The colour palette, which is based almost solely on sepia tones such as gold and yellow and other pastille tones, feels rich and full bodied, serving to bring the imagery to life. This was, I always felt, a facet that was somewhat lacking in the DVD release and I’m glad that it has been corrected here. Contrast ratio produces some solid blacks but it’s somewhat off reference standard (and also definitely restricted by the strange colouring choices). Shadow detail is very impressive for the duration, with no detail lost in the plentiful gloomy scenes.
The image quality is reasonable sharp and well defined for the duration but the budgetary nature of the production does expose some flaws. That being said, the overall pros most certainly outweigh the cons and this is a very detailed image overall, exposing many facets that I had not previously noted; which, for this reviewer, always makes watching a movie a much more rewarding experience. For example, as the torrent floods the building, there are plenty of items on show, which duly wash through the house. Facial close-ups are impeccable and really serve to expose the limitations that the stylistic choices at times have on the image quality; but this is an observation and the disc will not be marked down for this.
Despite its short comings (such as the deliberately soft outdoor scenes), this BD release is the best that this movie has ever looked and is awarded a solid seven for its efforts.
Please note that this is a Region A+B release
‘Delicatessen’ comes with a 2.0 dts HD Master Audio surround track.

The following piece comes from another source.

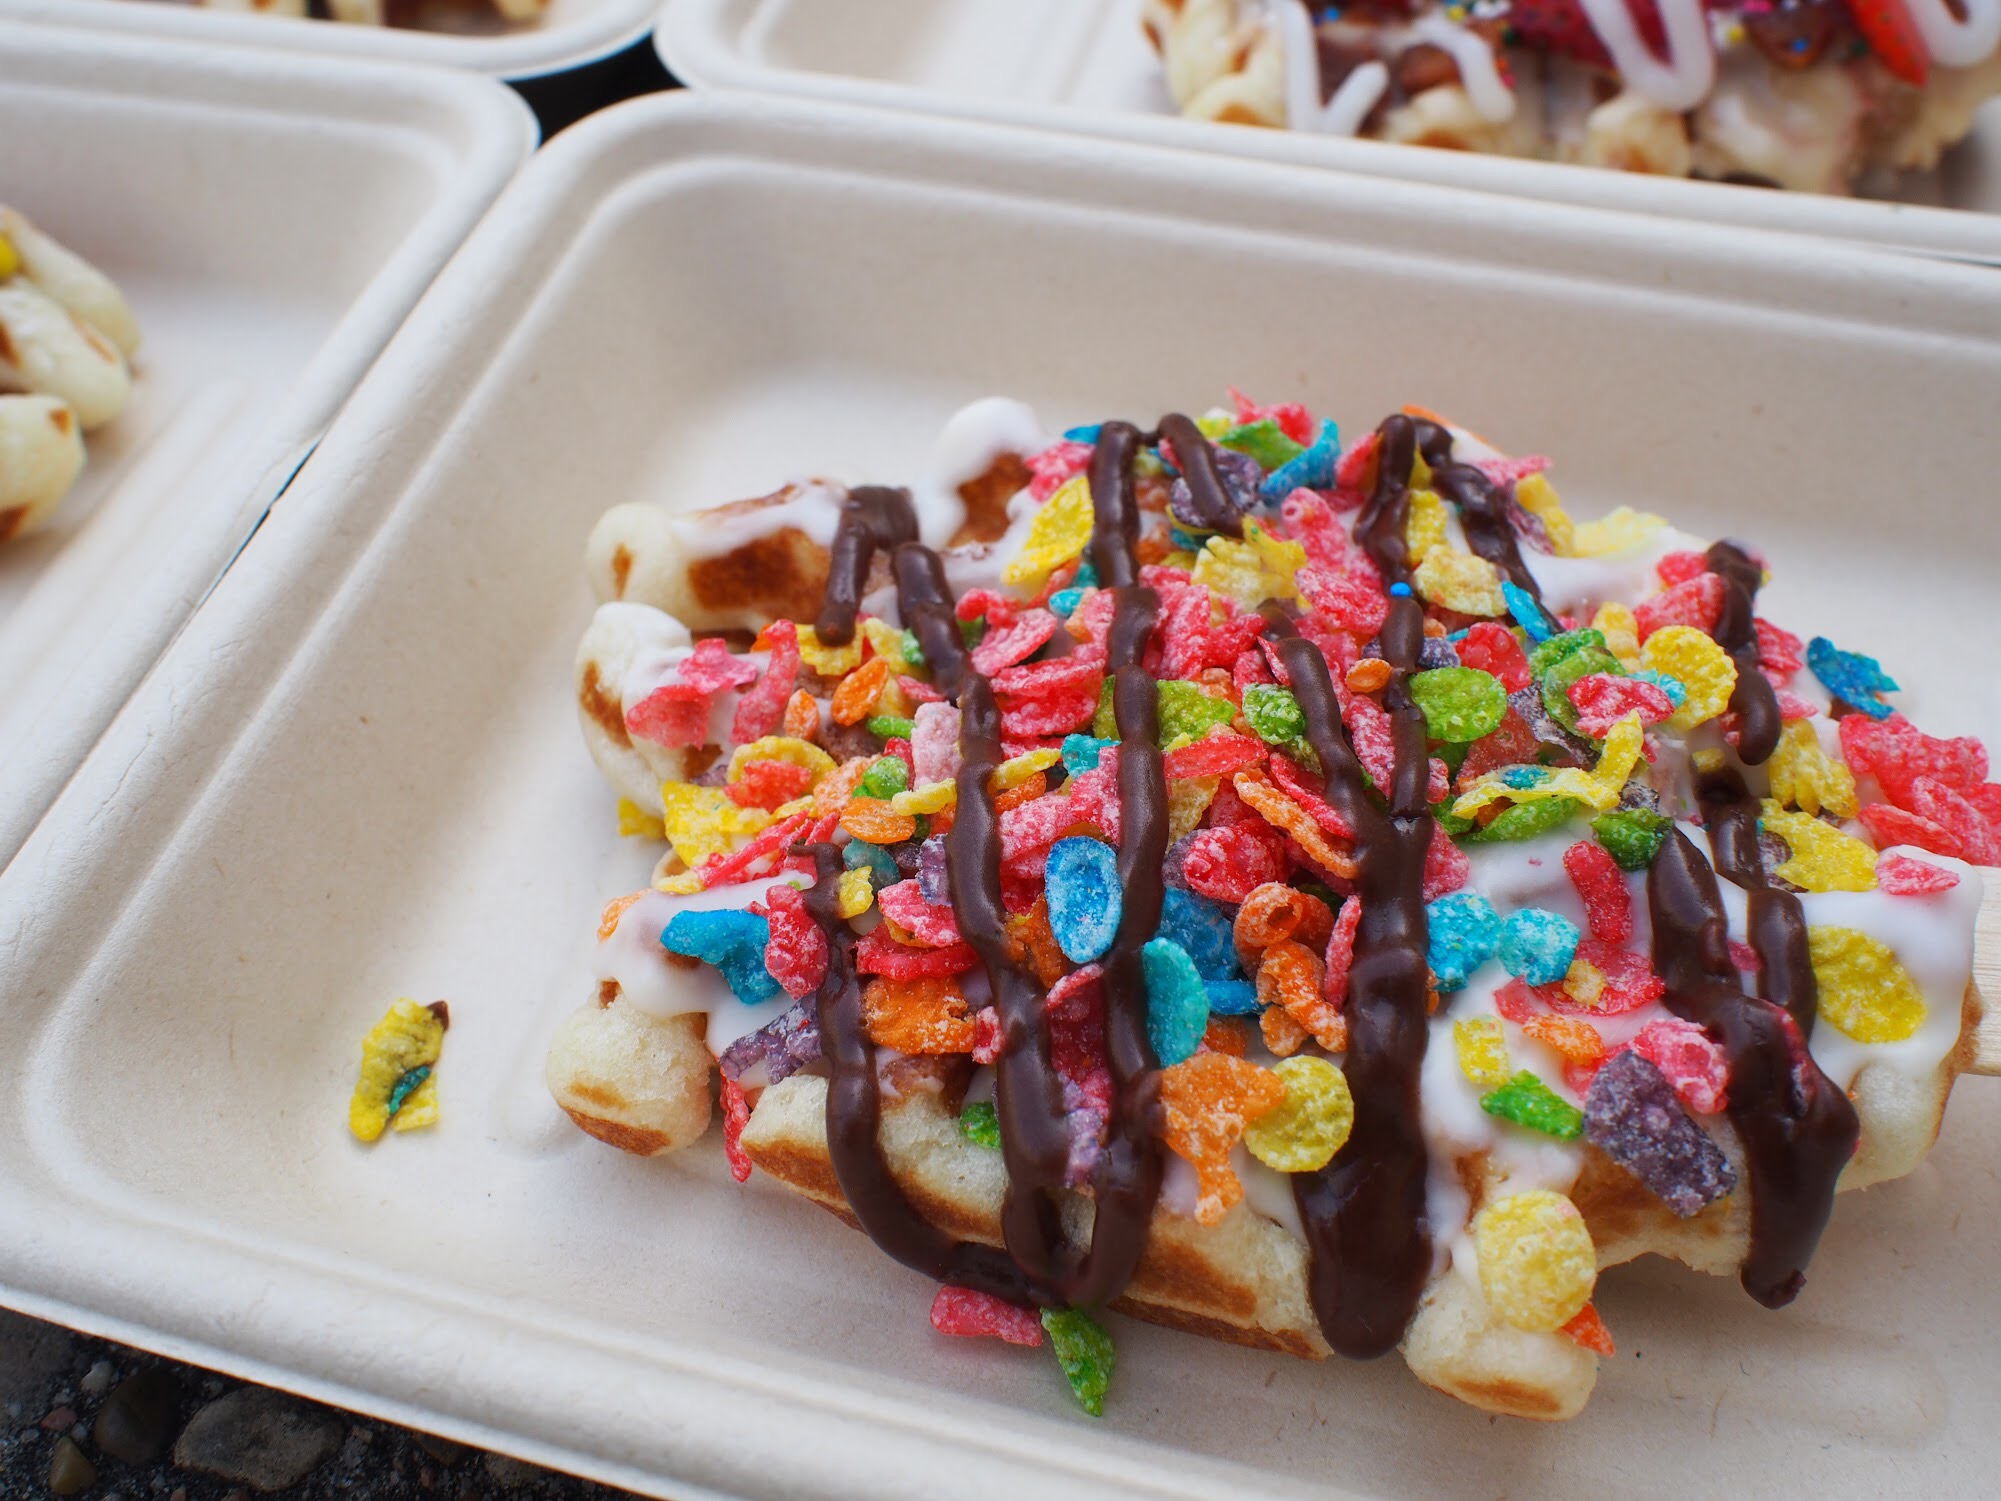 A Belgian waffle topped with colorful Fruity Pebbles cereal and white sauce and a chocolate drizzle

I often wonder, when I see uncompressed stereo mixes, “What is the point? I mean, you have all those extra channels at your disposal, so why not make use of them? I suppose that it’s all down to how the movie is presented, and this one certainly did not disappoint with its active stereo mix, but I could not help thinking that this is a wasted opportunity. There’s plenty going on in the front soundstage for the duration and this is a busy track to say the least. Vocals are crystal clear for the duration but there were a few crackles noted; for example, when the old granny screams as she spots the spider dangling overhead. There also seemed to be a strange hissing noise on the track, which was especially noticeable during the quieter portions, but this was generally not a distraction and became unnoticeable as the movie progressed.
The front soundstage is impressively expansive, creating a very wide sound field, with droplets of water leaking from the rood and falling all around. Steerage is also very accurate, with the voices coaxing Aurore to meet her maker, drifting from left to right sound field. Bass reproduction is above average, with the assault on Julie’s bedroom bringing out the best from the woofers. The flood scene at the movie’s close is a standout and was quite impressive, considering that only the front two channels were employed.
The score plays a major role in this movie, with the musical set pieces relying on the cast to act in harmony with the music. The scene where Julie and Louison play the viola and the musical harp (respectively) is very well represented, with the high range frequencies recreated to perfection. The Hawaiian music scene during which Louison and Madame Plusse test out the bedsprings is also a work of genius, forming a bond between with image and the accompanying audio mix.
Overall, although I’m disappointed that we did not get a 5.1 mix, this track does the source material justice and comes recommended.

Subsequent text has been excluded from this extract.